* Collected material *
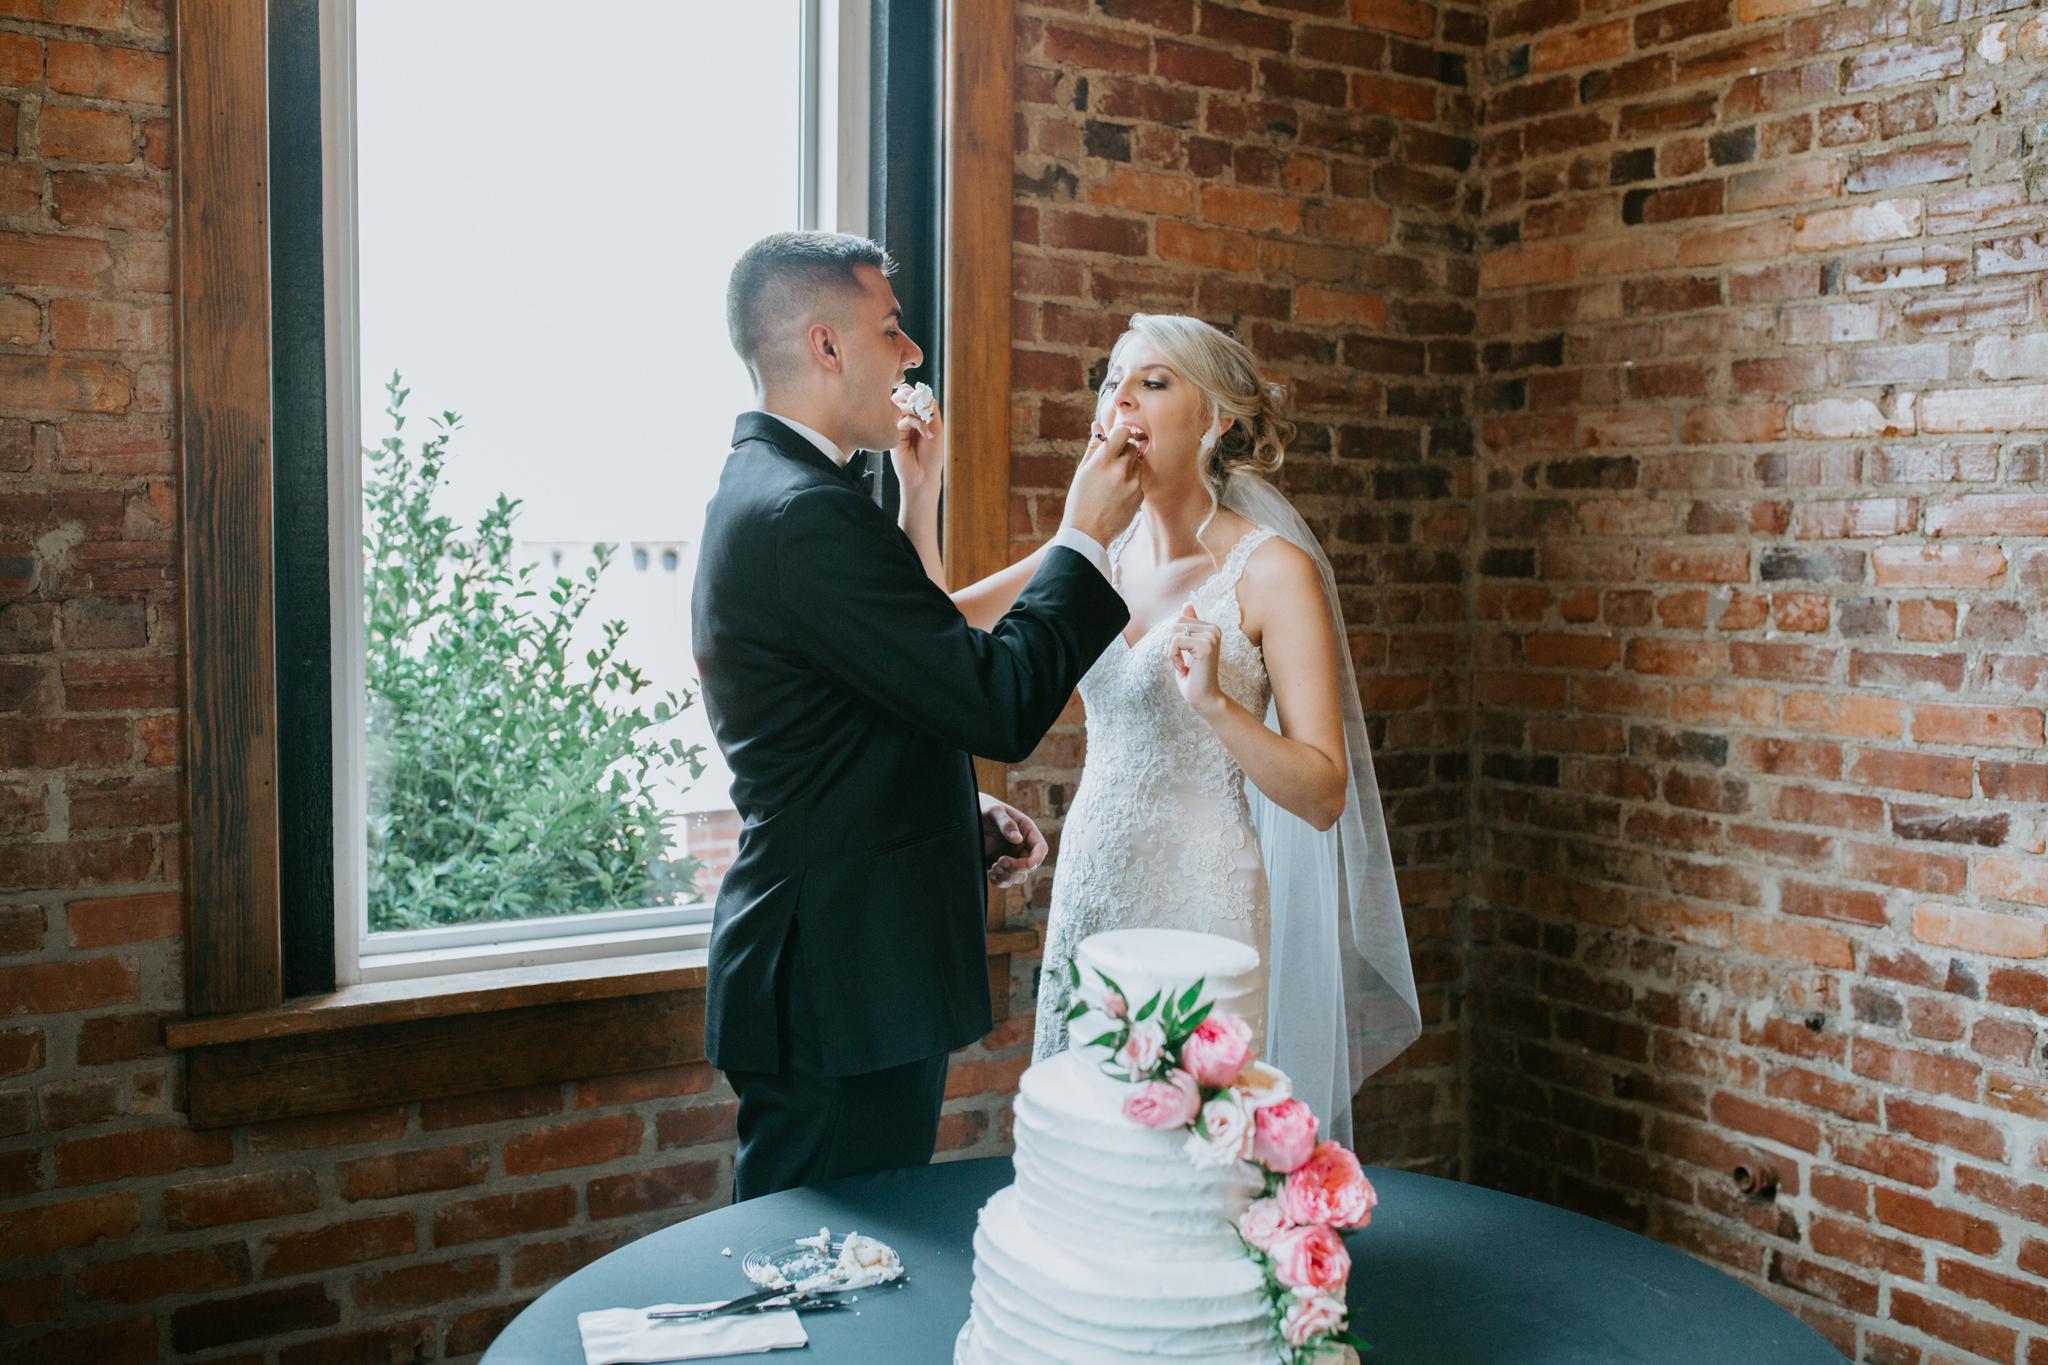 Kayley + Robert + Chattanooga + Nashville + Tennessee + Wedding + Photographer-7.jpg
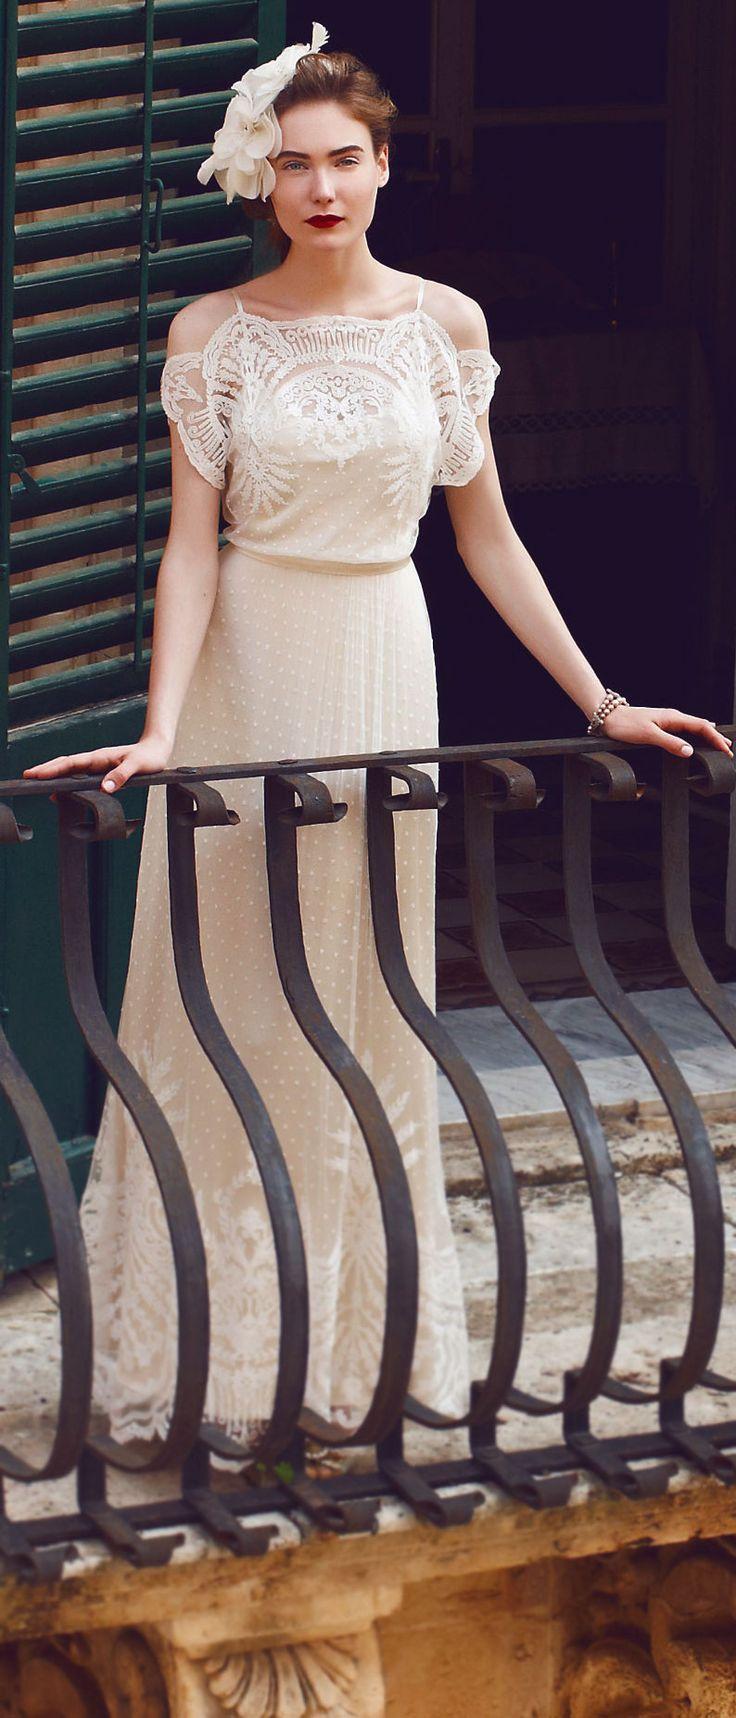 Gorgeous wedding gown - very Gatsby
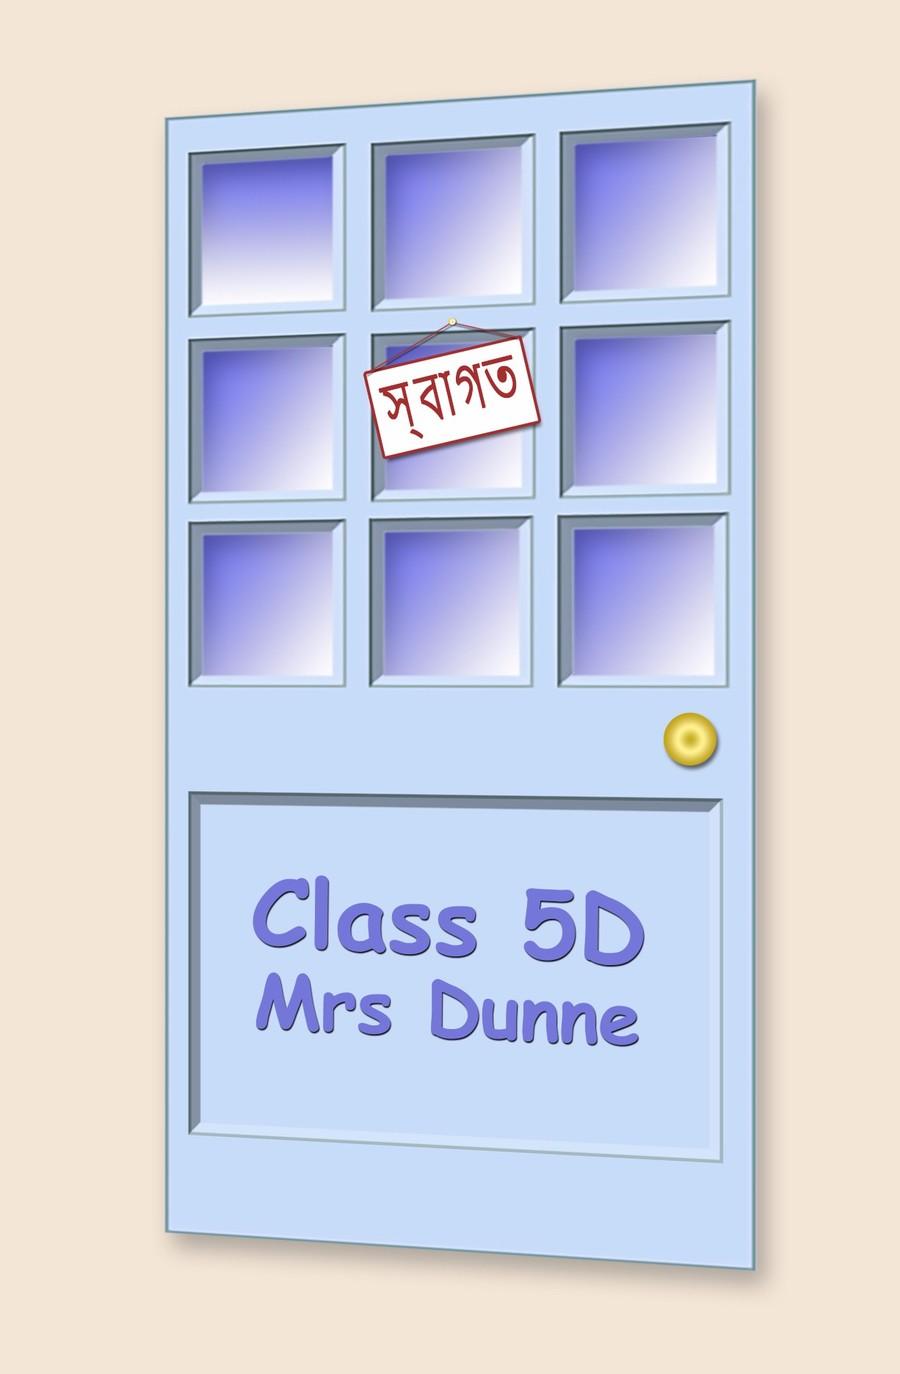 Go to Class 5D
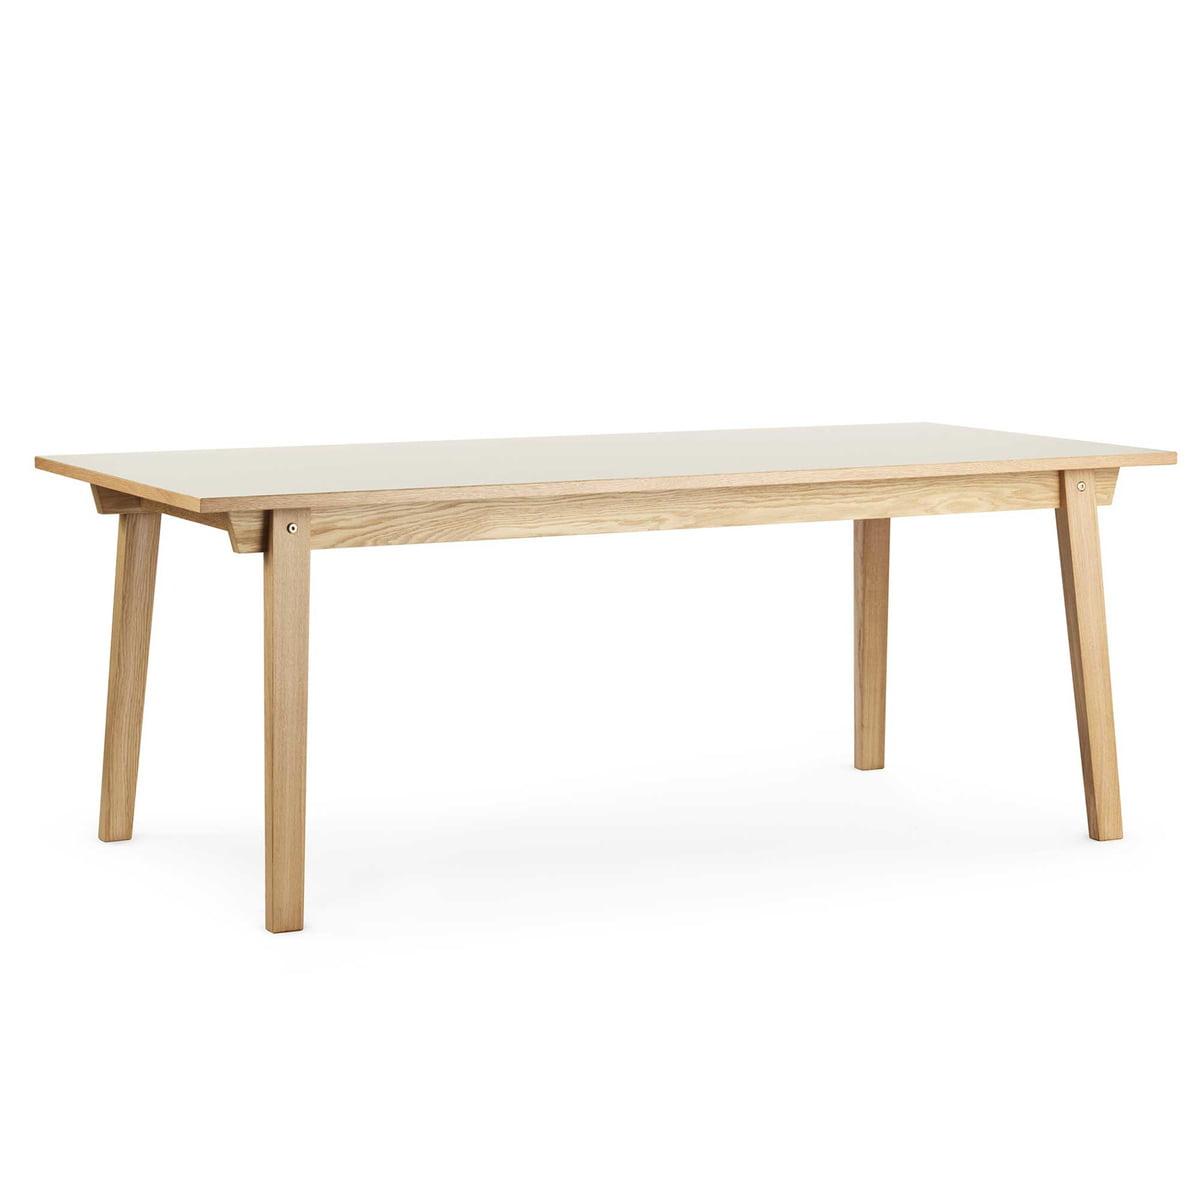 slice table linoleum 90 x 200 cm by normann copenhagen. Black Bedroom Furniture Sets. Home Design Ideas

* Exercise requirements *
Write out the listing above again, exactly, but with no pictures in the copy.

* Result *
 Kayley + Robert + Chattanooga + Nashville + Tennessee + Wedding + Photographer-7.jpg
 Gorgeous wedding gown - very Gatsby
 Go to Class 5D
 slice table linoleum 90 x 200 cm by normann copenhagen. Black Bedroom Furniture Sets. Home Design Ideas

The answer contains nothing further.